[Opening Information given section]

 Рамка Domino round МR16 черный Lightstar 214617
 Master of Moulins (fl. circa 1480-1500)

[Closing Information given section]
[Opening Information given section]

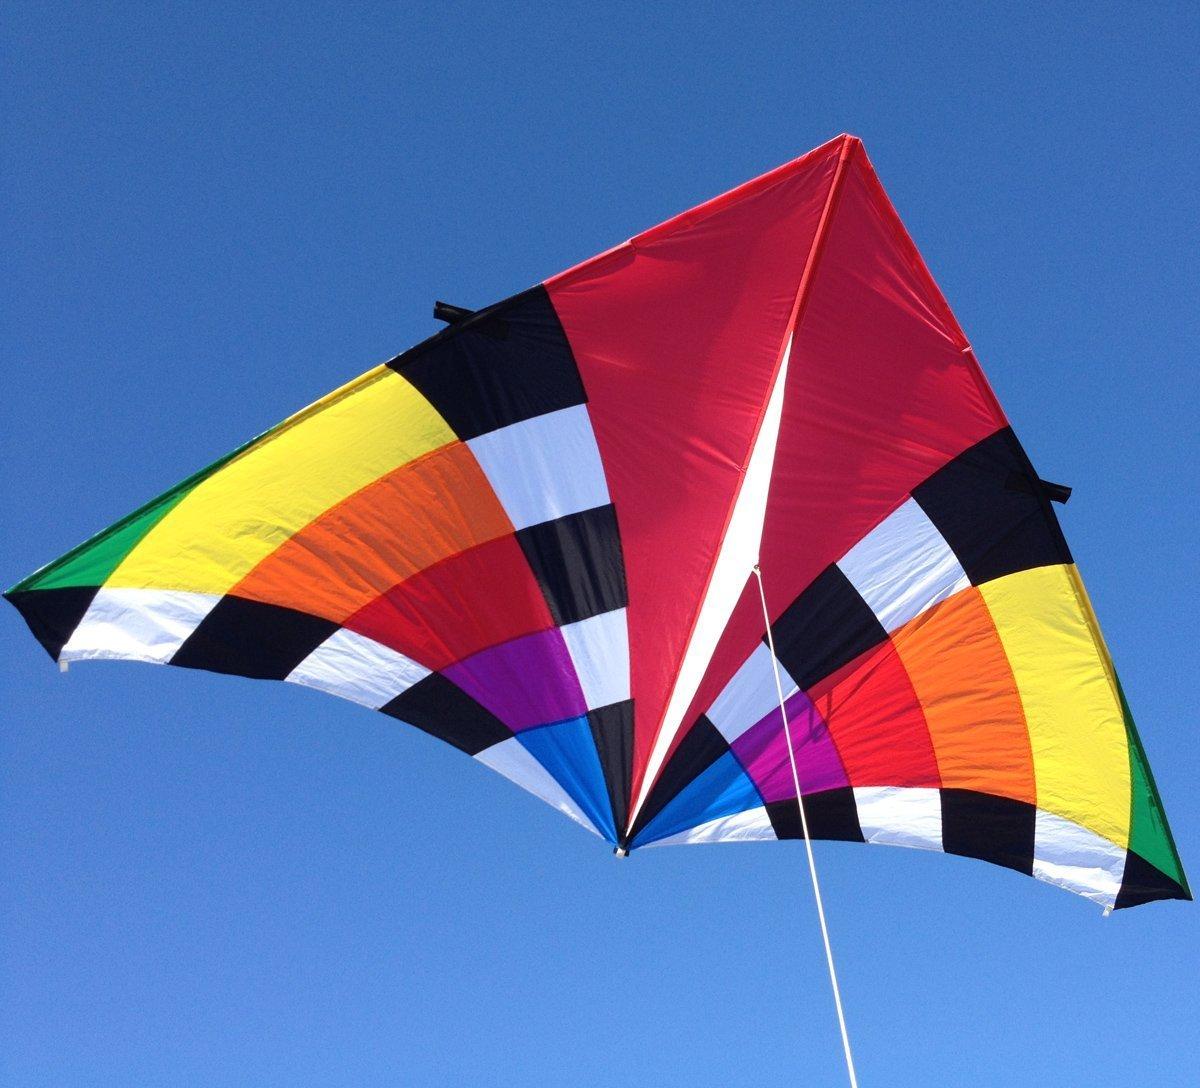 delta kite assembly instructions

[Closing Information given section]

Try it: Using the entries shown above, reproduce verbatim the lines from the line bearing "Рамка Domino round" to the line bearing "Master of Moulins (fl. circa 1480-1500)", inclusive.

Exercise answer:
 Рамка Domino round МR16 черный Lightstar 214617
 Master of Moulins (fl. circa 1480-1500)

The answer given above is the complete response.